Everyone in the Cavs front office knows it. If Dan Gilbert’s statement to the media on Thursday is any indication, the next Cavs coach will be a defensive stickler:

“It has been our strong and stated belief that when our team once again returns to competing at the NBA's highest levels it will be because we have achieved our goals on the defensive side of the court.”

Of course, this isn’t all on Scott. Young teams are highly inconsistent and frequently stumble backwards as often as they stride forward. Compound that with injuries, which relentlessly assailed the Cavs over the past three years, and Scott wasn’t put in the best position to succeed.

But the basketball truism says defense travels with the team. So does a well-orchestrated offense. The backups play the starters in practice every day, so the guys coming off the bench are as grounded in the system as the guys who run onto the floor amid smoke and pyrotechnics during the opening introductions.

Maybe Scott was burned out by coaching the team through loss after loss. Maybe there was friction in the locker room. Maybe Scott’s personality is more tailored for coaching a self-starting veteran team instead of a young team that needs constant maintenance. Whatever the reason, if he had a grand vision for what the Cavs could become, it was never realized. It never really hatched out of the egg, for that matter.

The Cavs now embark on an extremely important offseason. They need to find a coach who can reach this team’s collection of impressionable young players and put them on a path to becoming a well-oiled offensive – and especially defensive – machine.

They need to add more talent, and not all of it straight from the draft. There isn’t much value in making this team even younger. GM Chris Grant probably needs to orchestrate at least one major veteran acquisition this summer.

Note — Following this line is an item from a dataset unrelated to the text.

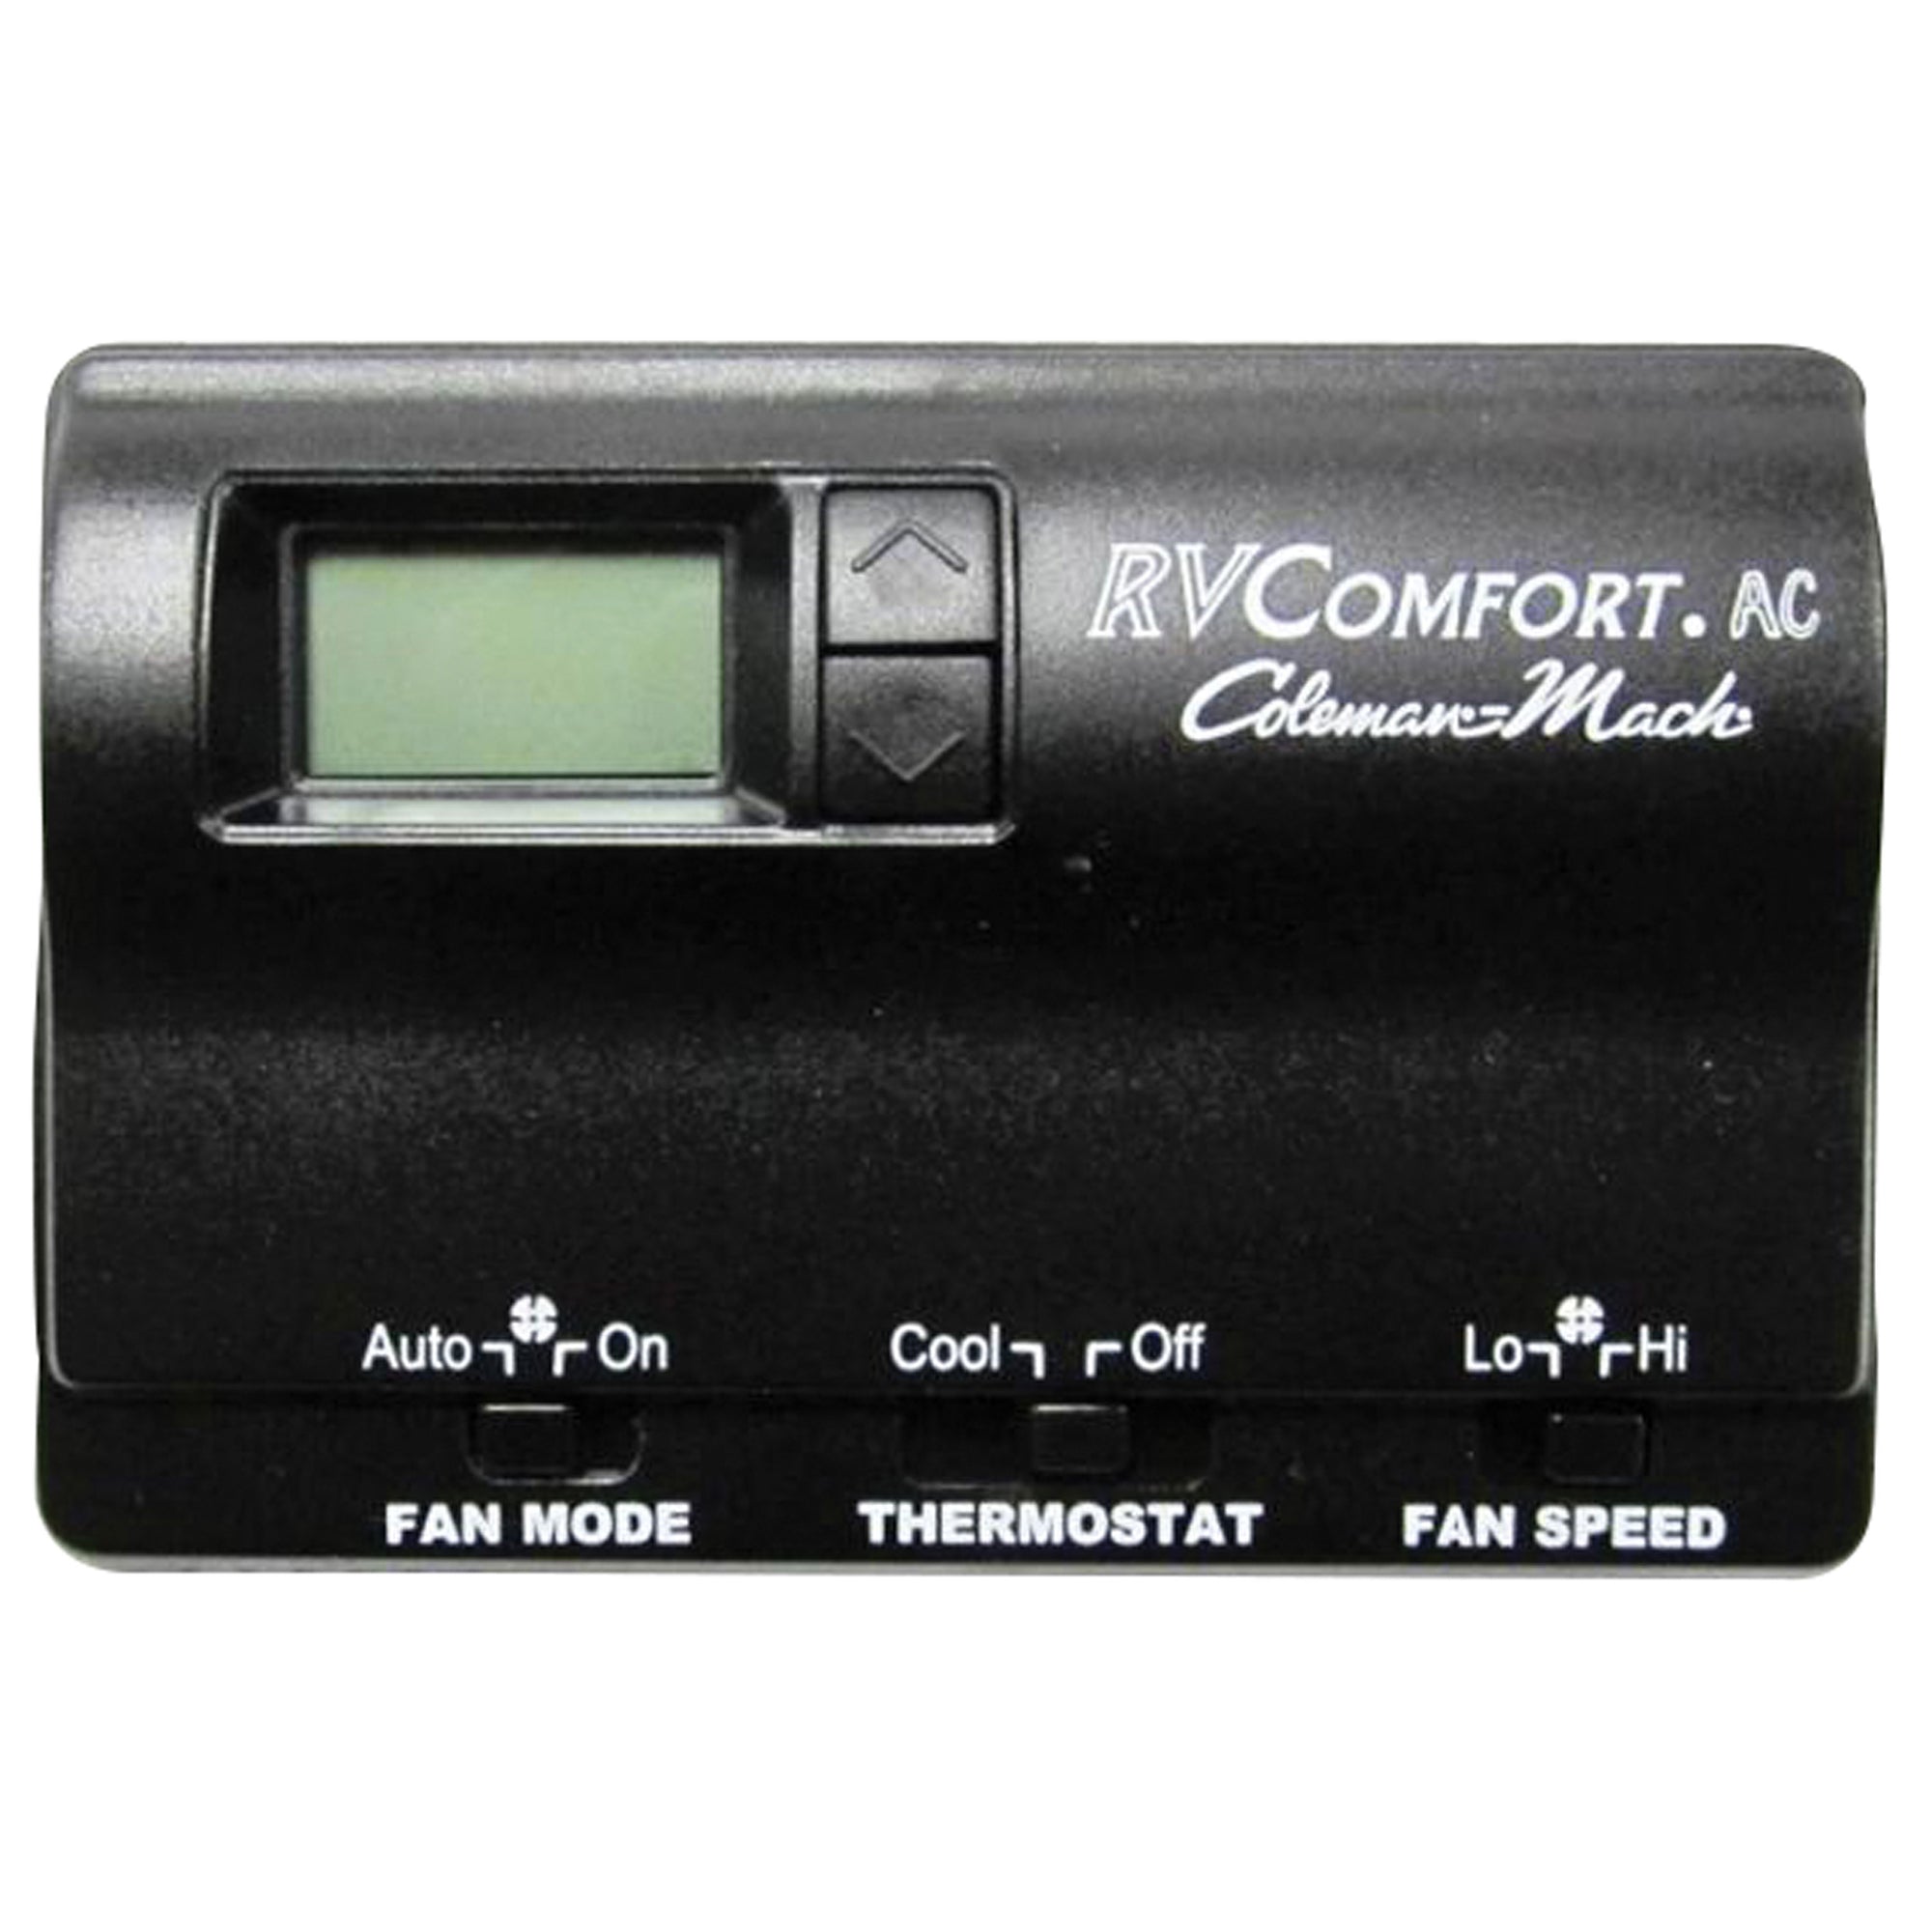 Coleman-Mach 8330-3462 Wall Mount Digital Thermostat - 12VDC, Cool Only, Plugs, Black

When the Cavs take the floor with their new coach and their tuned-up roster next fall, they need to be a playoff team from the first game – and a fairly strong playoff team at that. At this stage, after three years of putrid basketball, squeaking in as the eighth seed on the last day of the season doesn’t cut it. The Cavs need to become an above-.500-and-rising team, capable of competing for a middle seed, and maybe even make some noise in the race for homecourt advantage in the first round.

And to do that, they need an identity. Dan and Chris, it’s your move.